Двое стражников тяжело бежали за ним, но юноша имел большой выигрыш в расстоянии и не сомневался, что сумеет уйти и найдет куда забиться до следующего поста — они наверняка стояли на всех дорогах. Но в ту же минуту он услышал звук, от которого кровь в жилах похолодела: внезапный цокот копыт о твердую насыпь — двое других преследовавших его дозорных были на лошадях.

— За ним! Он хочет свернуть, догоните его! — проревел один из бегущих.

Всадники поскакали за ним легким галопом, и у юноши не оставалось надежды ни уйти от них, ни долго водить за нос всех четверых, если он и вправду свернет здесь в сторону. Продолжая свой неистовый бег, он достиг приюта Святого Жиля и дико огляделся по сторонам в поисках какого-либо укрытия, но ничего не нашел. Слева от него возвышался поросший травою склон — там плетень и кладбищенская стена. Погоня сделалась победоносно громкой, хотя приблизилась еще не вплотную. Изгиб дороги не позволял преследователям увидеть беглеца.

Неожиданно из тьмы, окружавшей стену, послышался тихий, но повелительный голос, позвавший его:

— Сюда! Быстро!

Услыхав приглашение, Йоселин непроизвольно метнулся в ту сторону и, задыхаясь, чуть не упал на вершине склона. Протянувшаяся к юноше рука крепко схватила его и удержала. Высокая худая фигура в необъятном темном плаще, поднявшись с земли, спешно прорывала тоннель в копне сохнувшей зелени в углу у стены.

— Сюда! — сказал тот же бесцветный голос. — Прячься здесь!

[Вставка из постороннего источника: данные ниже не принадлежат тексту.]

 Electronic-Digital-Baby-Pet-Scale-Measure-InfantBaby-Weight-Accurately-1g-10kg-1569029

Йоселин нырнул в копну головой вперед и быстро забросал себя травою со всех сторон. Он ощутил, что старик уселся на землю, расправил свой плащ и прижался костлявой спиною к копне. Даже сквозь рубаху, плащ и траву чувствовалось, как длинен и прям позвоночник у незнакомца. Безусловно, старый; безусловно, мужчина. Тихий голос, приглушенный тканью, мог принадлежать существу любого пола, однако вжатые в копну и упиравшиеся в тело Йоселина плечи были такими же широкими, как и его собственные. Отведя руку назад, человек стиснул колено юноши, повелевая застыть. Йоселин мгновенно покорился и замер. Спрятавший его старик пребывал в какой-то особой, свойственной только ему неподвижности: на сердце и на душе у Йоселина стало легче от этого благотворного, заразительного покоя.

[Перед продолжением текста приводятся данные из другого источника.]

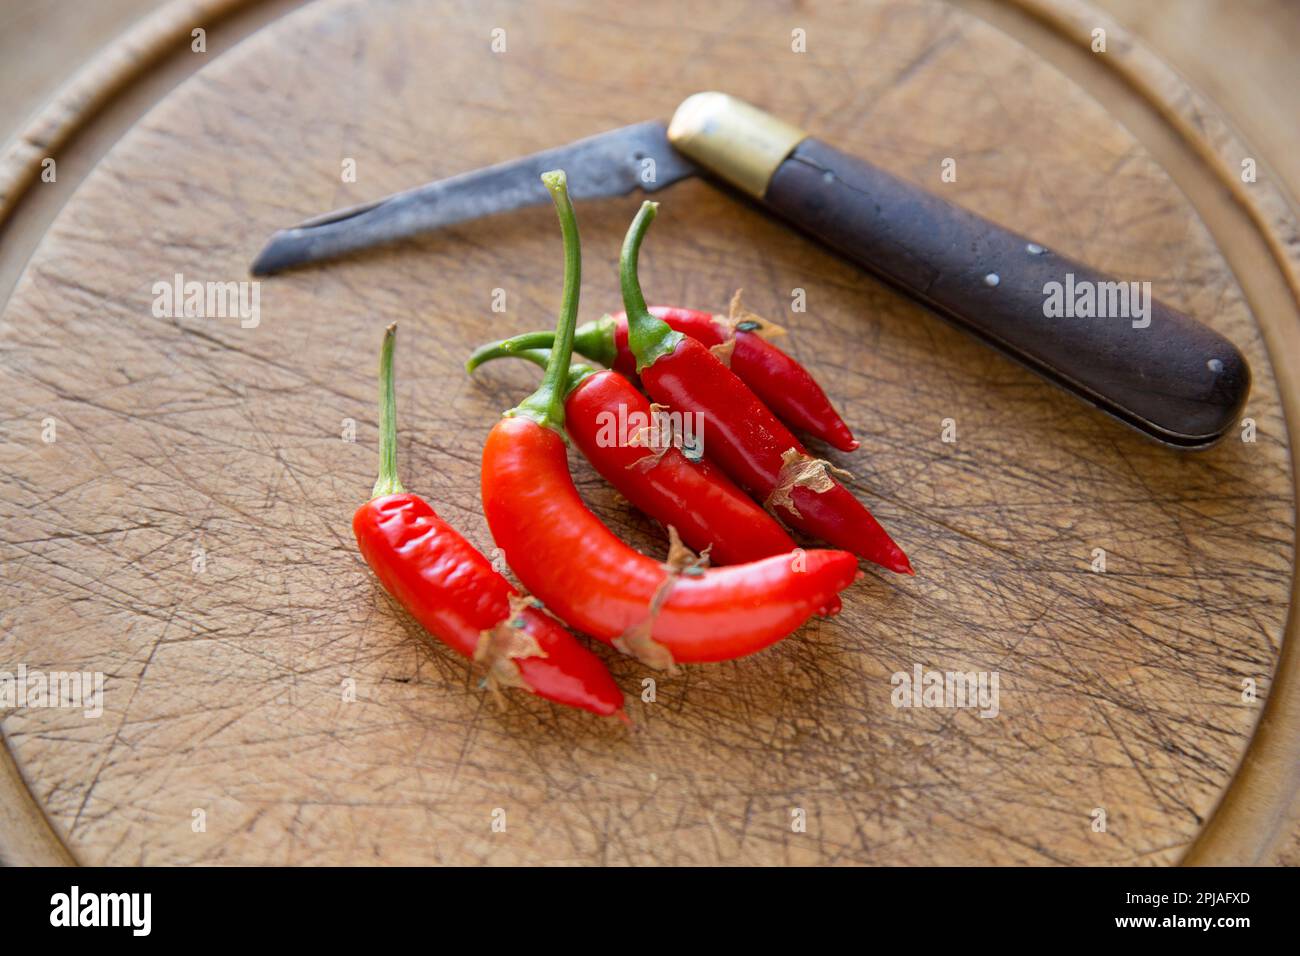 Home grown red chillies next to an old penknife resting on a wooden chopping board. England UK GB Stock Photo

Преследователи уже подъезжали. Юноша услышал, как приблизился стук копыт, как вдруг резко подняли на дыбы переднюю лошадь — так, что она заскользила копытами по гравию. Йоселин подумал, что сидевший у стены наблюдатель не остался незамеченным: предрассветный сумрак уже позволял видеть и человеческую фигуру, и прямой участок дороги впереди — явно пустынный. Было слышно, как один из всадников спешился. Йоселин затаил дыхание в уверенности, что стражник собирается влезть на склон.

— Нечистое место! — издал предостерегающий возглас старик и громко застучал крышкой о деревянный ободок своей кружки. Наступила настороженная тишина. Карабкавшийся вверх стражник остановился.

Внизу, на дороге, второй человек рассмеялся:

— Он должен быть сумасшедшим, чтобы променять даже темницу на лепрозорий. — Стражник повысил голос: у старого и больного человека наверняка также плохо со слухом. — Послушай, приятель! Мы гонимся за негодяем, которого разыскивают по обвинению в воровстве. Он направился в эту сторону. Может ты видел его?

— Нет, — произнес старик. Помимо того что его голос звучал глухо из-за покрывала, прокаженный еще и медленно выговаривал слова, как будто речь давалась ему с трудом, но, в силу терпения и старания, с его губ слетали четкие звуки. — Я не видел вора.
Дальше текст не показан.